I'm studying Debye model for the specific heat capacity of solids. In class we found first of all that the number of modes per frequency is proportional to the frequency squared. We found that there is a maximum frequency, which is the Debye frequency. And then we derived the formula for the total internal energy, and studying its limit for low temperatures we found that $$c_{V}=\frac{12\pi^4R}{5}\left(\frac{T}{T_{D}}\right)^{3},$$ where $T_{D}$ is the Debye temperature. Of course we underlined that one of the hypothesis for this model is that the solid is considered as a continuum, so its vibrations propagate making the atoms vibrate together, therefore the wavelength has to be much longer than the distance between atoms.

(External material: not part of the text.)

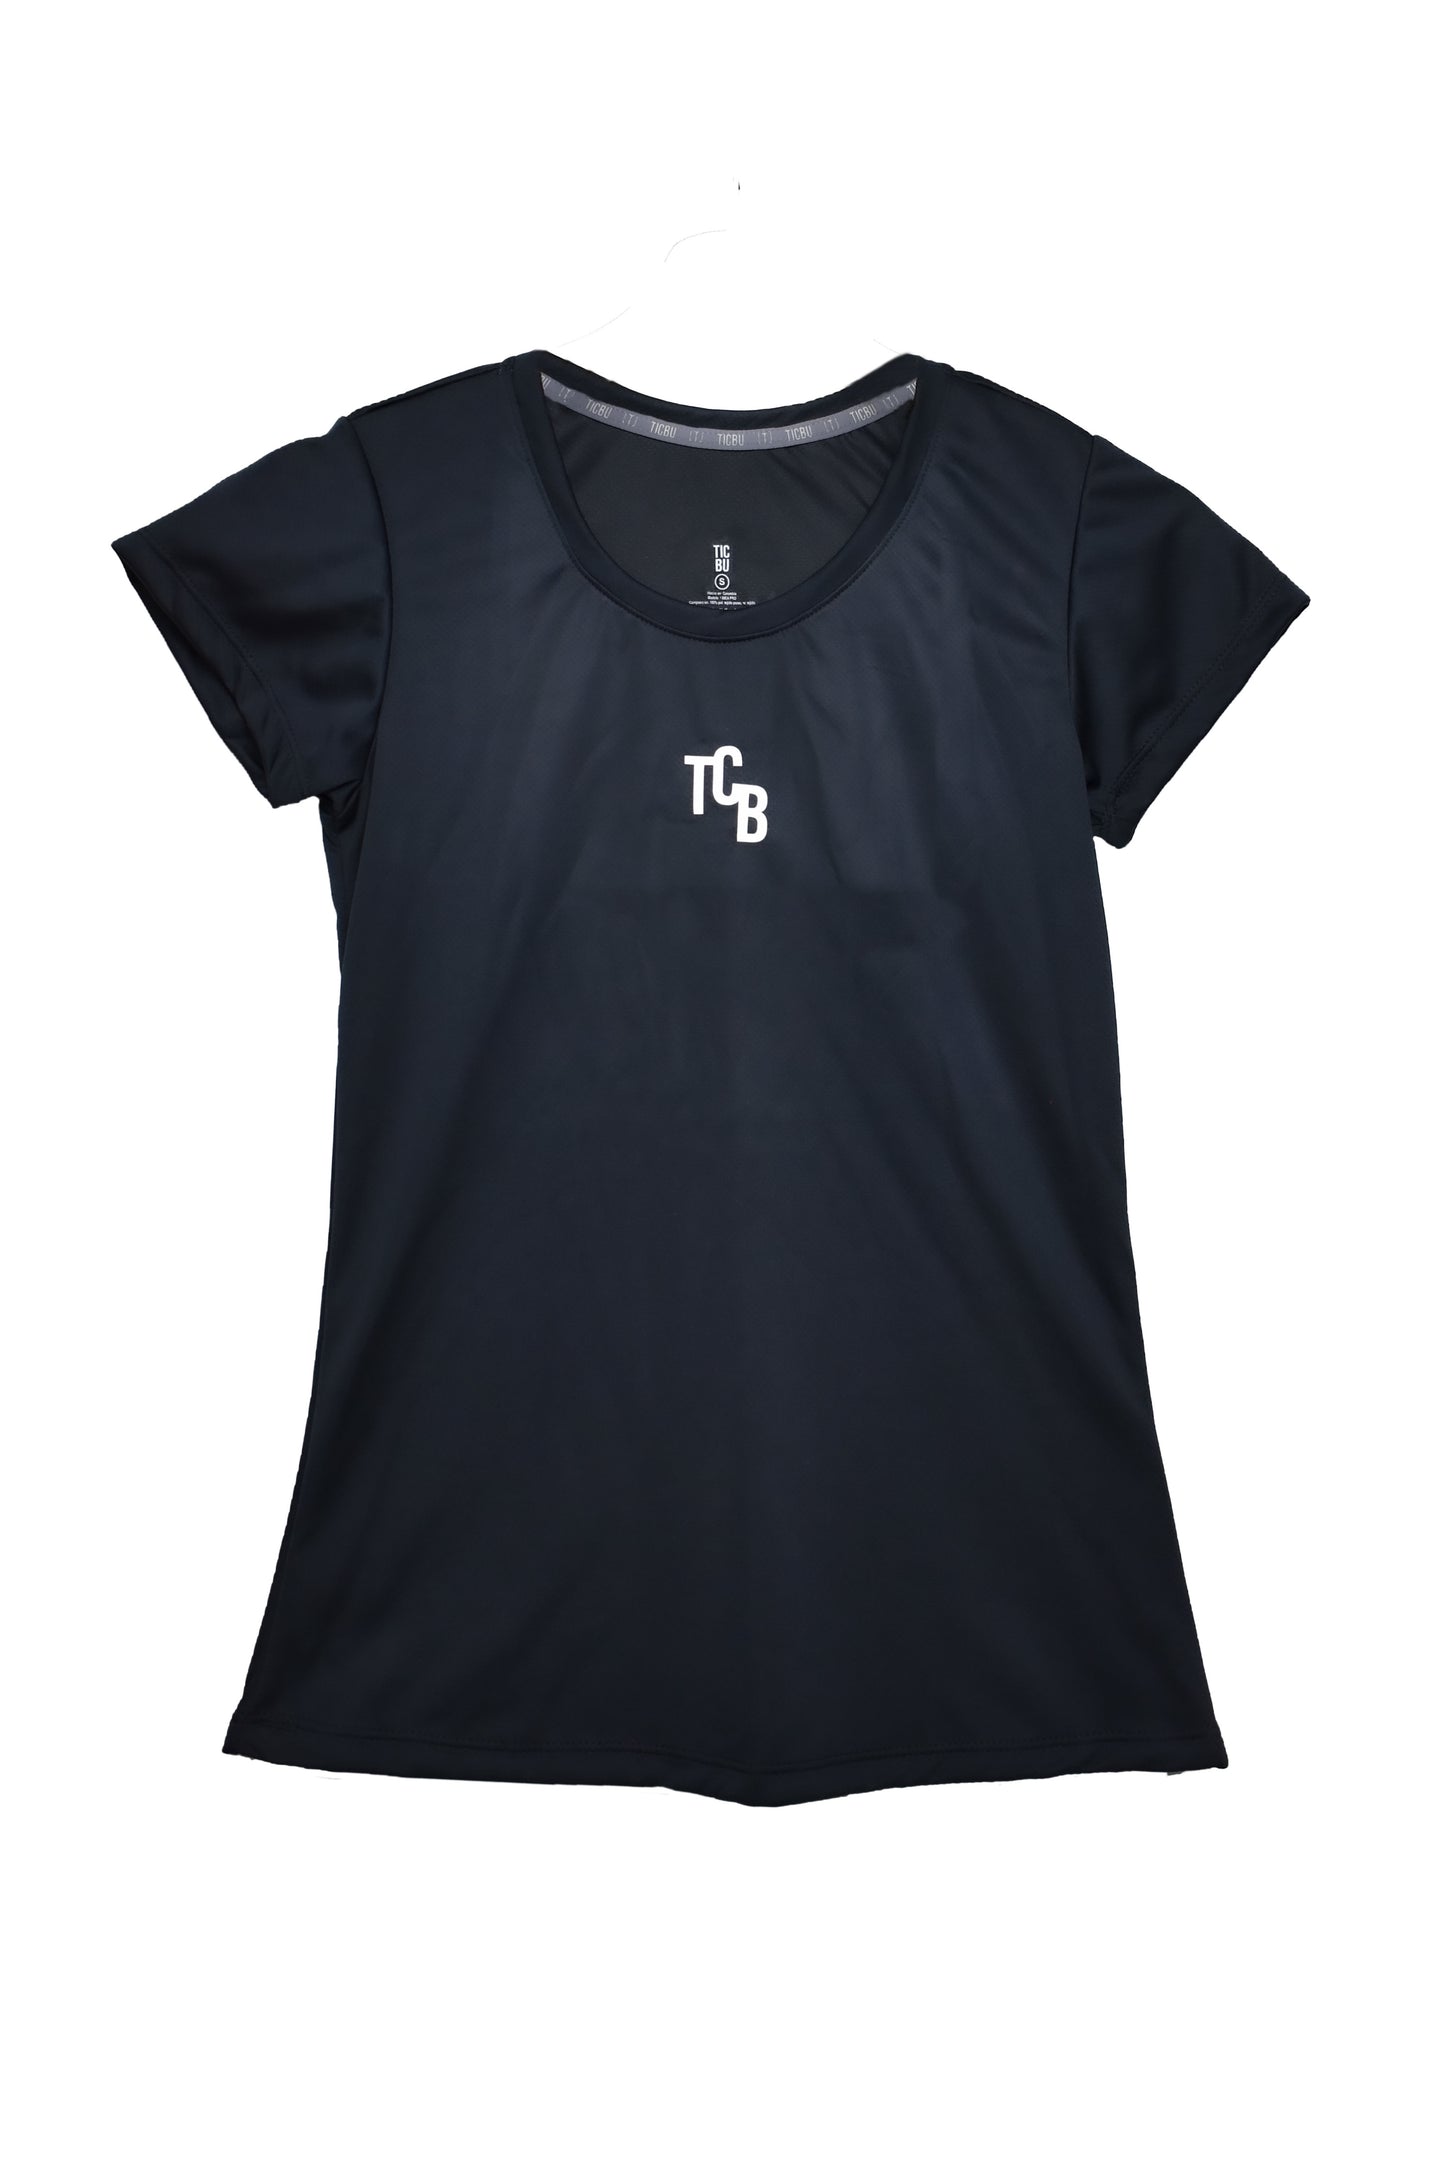 Camiseta Dama Deportiva (Ref Negra)

After that, we analysed a one-dimensional lattice of atoms and derived the dispersion relation $$\omega^2=\frac{4b}{M}\sin^2\left(\frac{ka}{2}\right),$$ where $b$ is the elastic constant, $M$ is the mass of the atom, $k$ is the wave vector and a is the distance between two atoms. Of course if $k$ is small (meaning $\lambda$ is big, so we are in the hypothesis of the Debye model) this relation becomes $$\omega=\sqrt\frac{b}{M}ka.$$ We then concluded that $\omega$ is linear in $k$, as predicted by Debye model.
What I don't understand is why we can say this, where Debye model predicts that there is a linear relationship between $\omega$ and $k$.